— Пиво, чипсы, лимонад, фисташки... Пиво, чипсы, лимонад, фисташки...
Проходит в синей форме, за ним тележка.
Шлепанье пальцев по клавиатуре: деловой человек пишет-считает в ноутбуке. Разговоры вполголоса. Яркий белый свет, но уютный, не мешает ни читать, ни дремать.
"Жить хотелось несмотря ни на что. Так иногда хочется посмеяться! Часто взрослые осуждают нас за то, что нам бывает весело. Это так обидно, кажется — почему они не могут нас понять..."
"Закончился наш выпускной, прошел он, как на зло, плохо. Под окнами был шариатский суд, и они не дали нам нормально провести вечер. Я себе придумала такое платье! Оно было из сиреневого атласа Фасон получился на славу".

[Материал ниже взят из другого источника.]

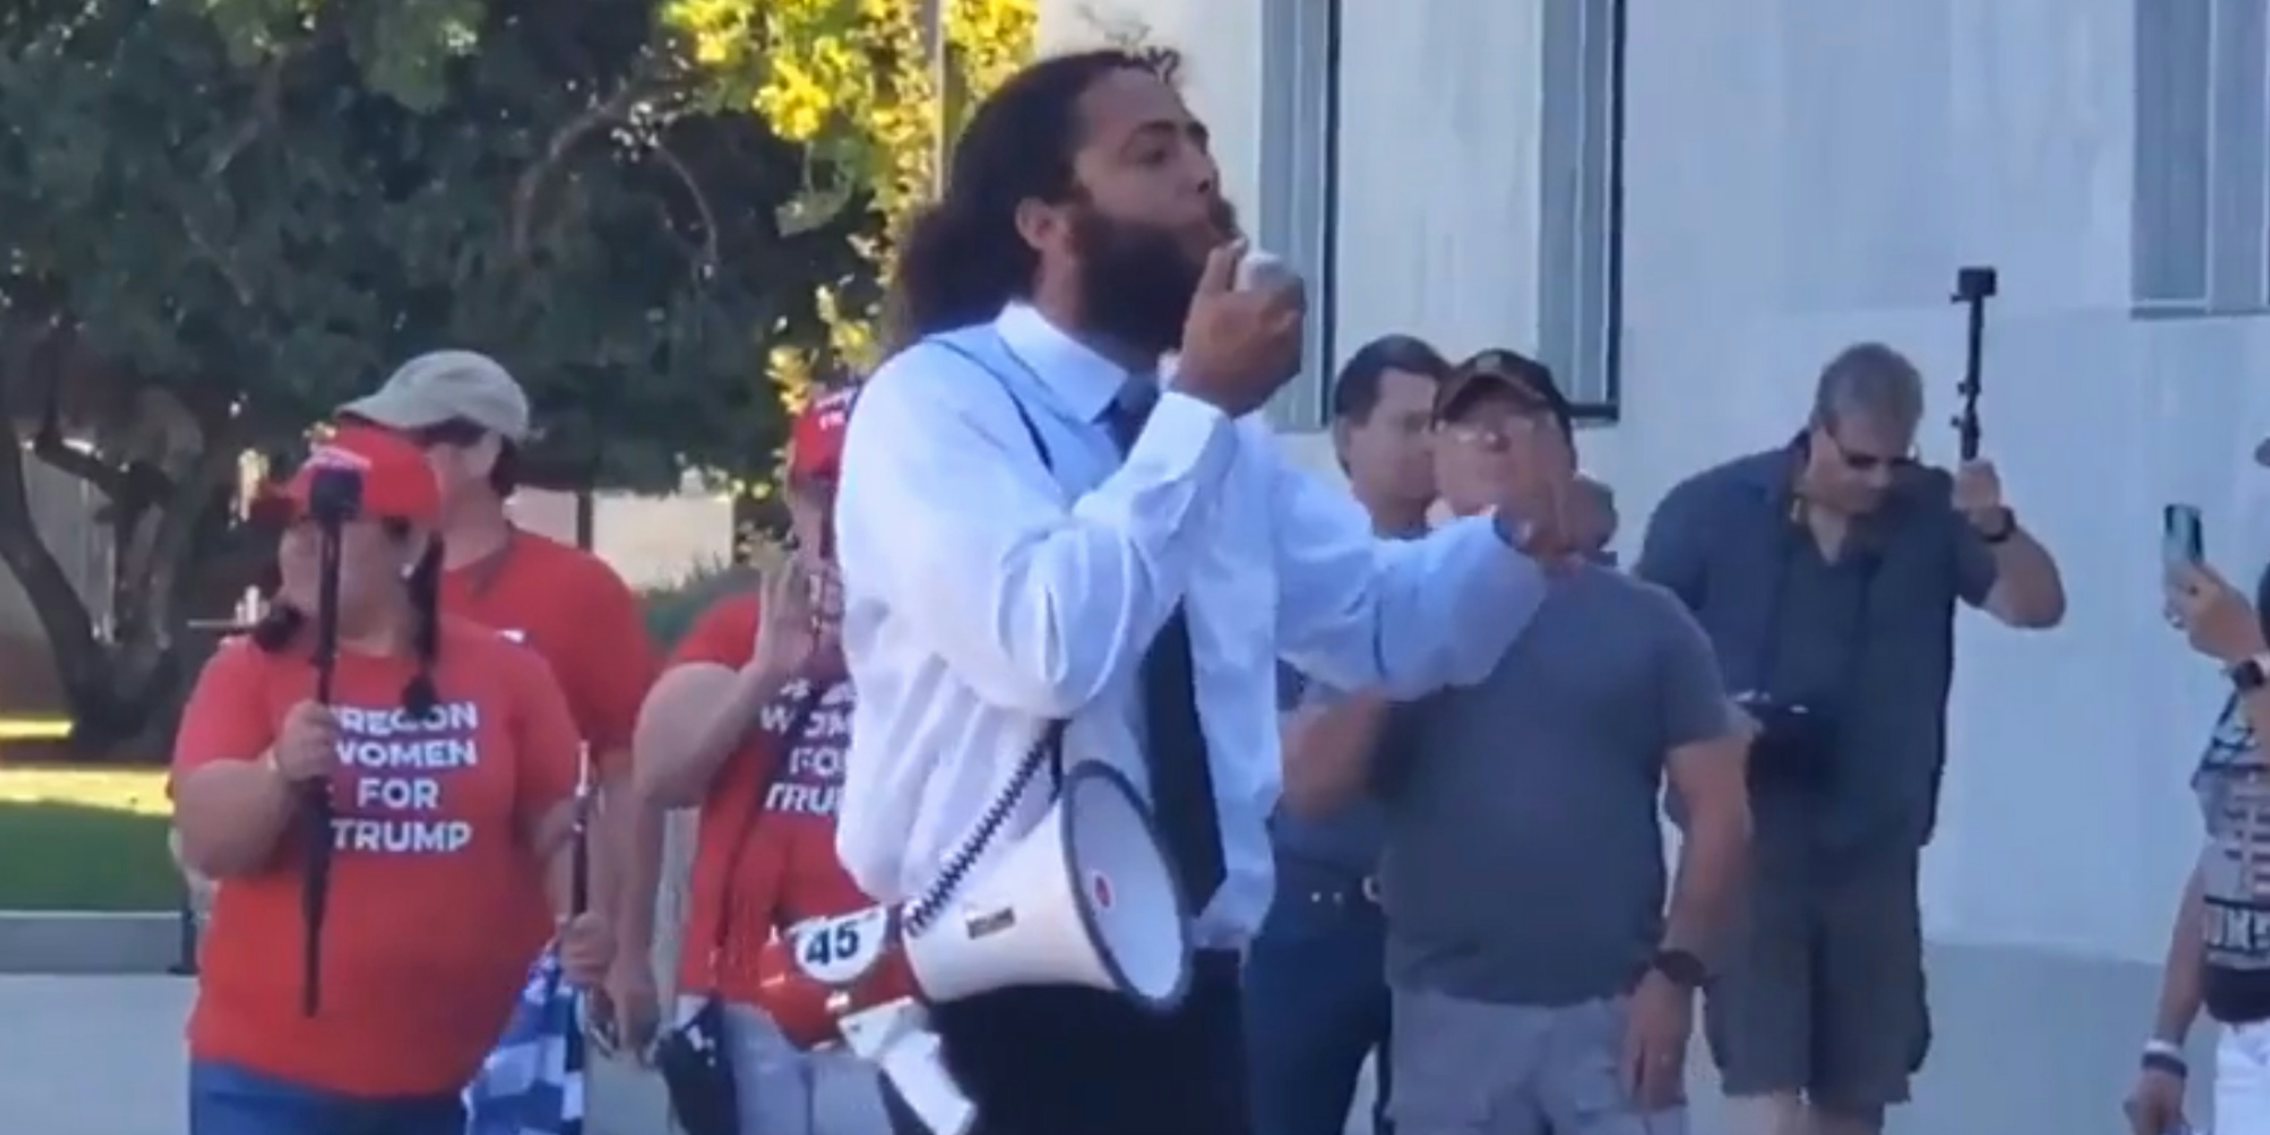 trump preacher on megaphone calls for democrats to be shot dead in the street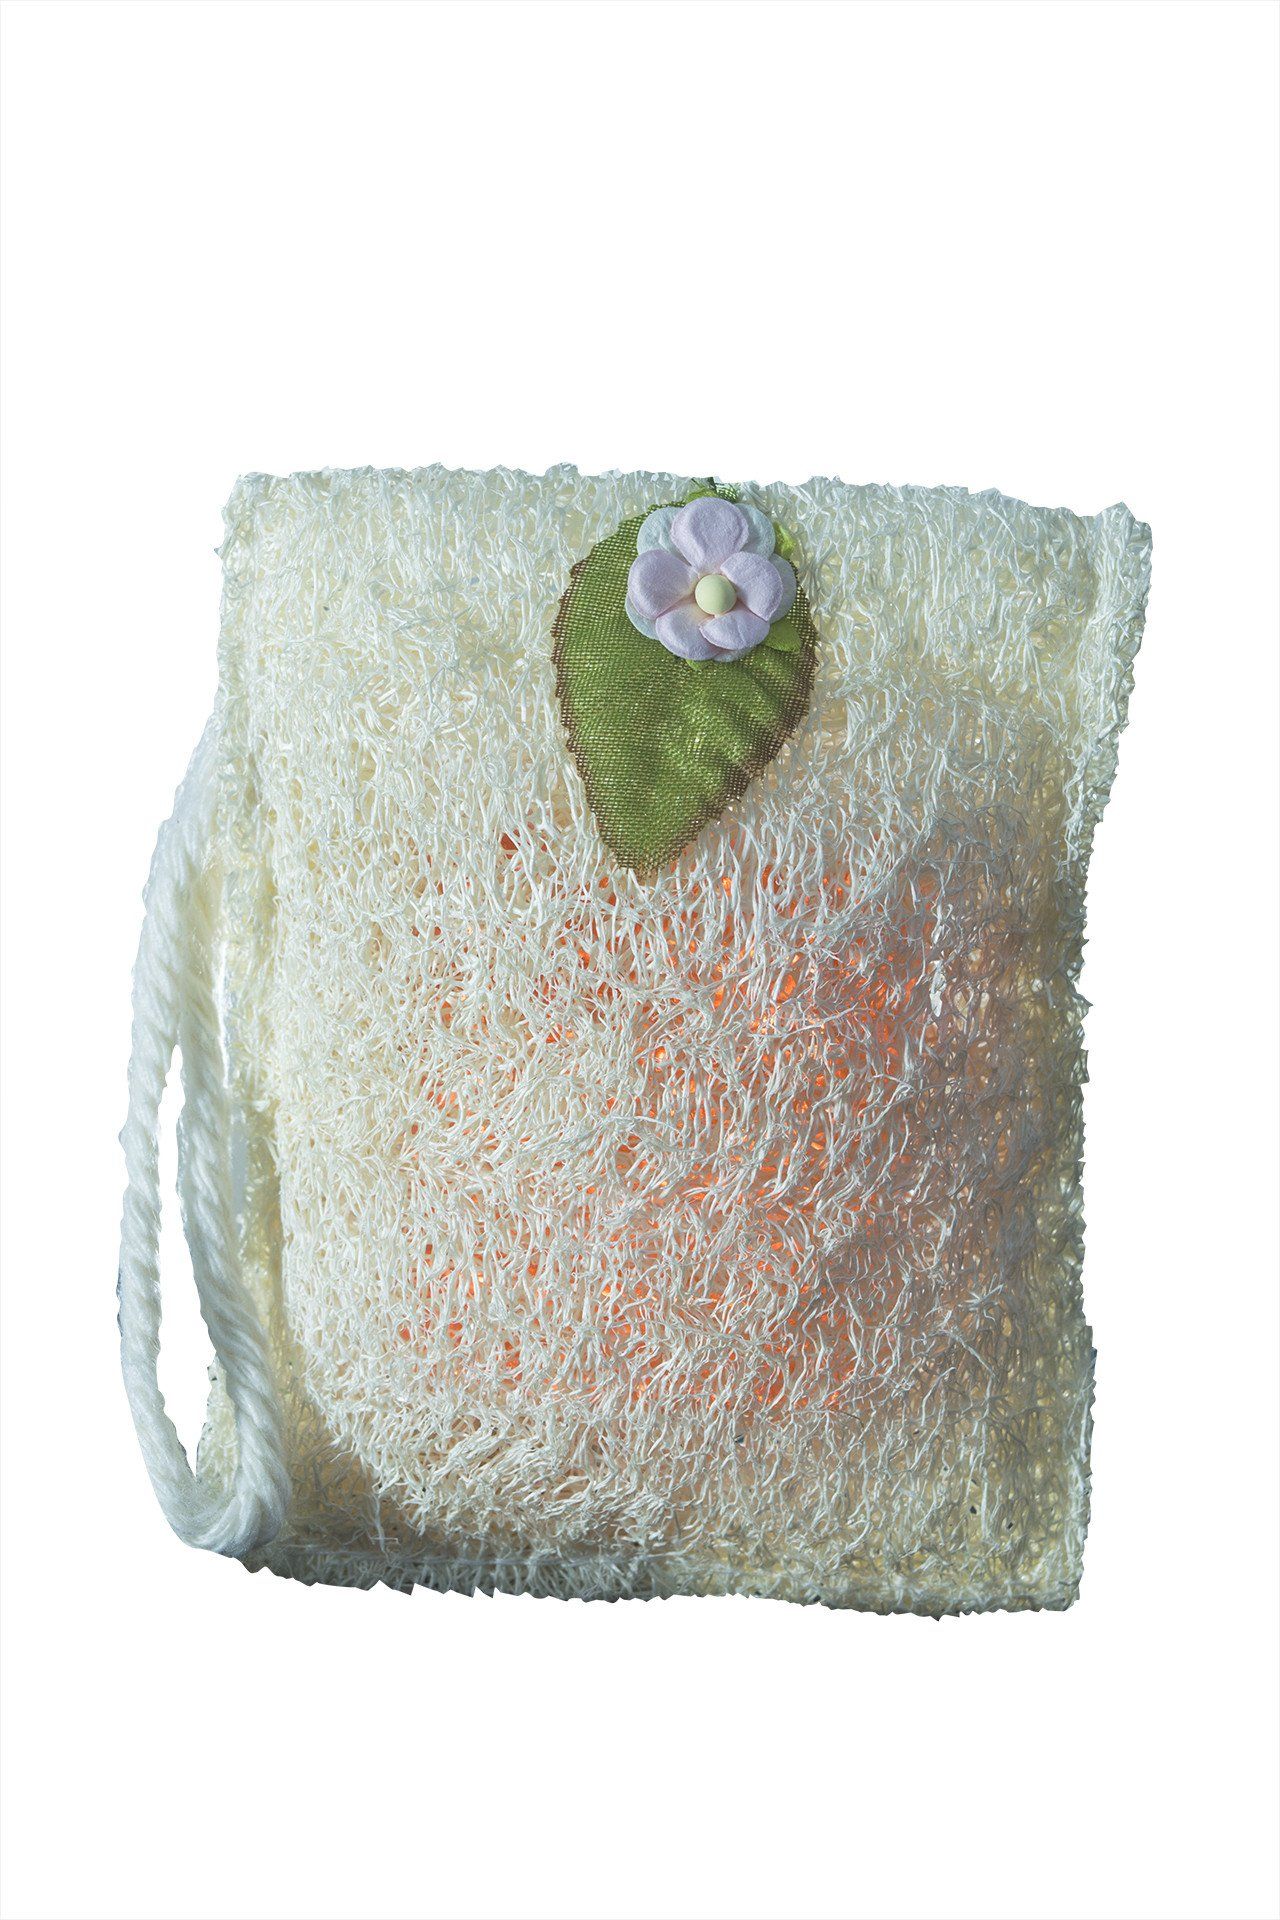 Natuaral Soap in Loofah (Luffa) - Natural Home Spa - CCCollections

"Наш попугай стал метаться в клетке и кричать что-то, как будто чувствовал приближение смерти. Мы оделись, вышли в коридор. Мой брат Тима и двоюродный брат Орцик очень хотели спать, особенно Орцик. <...> Небо стало красным. <...> Нас бомбили. Потолок начал обваливаться. <...> Наша машина, стоявшая во дворе, загорелась. Я начала звать отца. Все плакали. Загорелась крыша дома, мы кричали, задыхались от дыма и копоти. Я видела ворота, которые отбросило далеко, а за воротами стояли родственники, в том числе мой отец, и у меня защемило сердце: неужели его больше нет? <...> Моя мать, отец, сестра, двоюродный брат Биболт были ранены. Моя бабушка и Орцик были убиты. У Орцика оторвало полголовы, бабушке пуля попала прямо в сердце. Весь коридор был в крови..."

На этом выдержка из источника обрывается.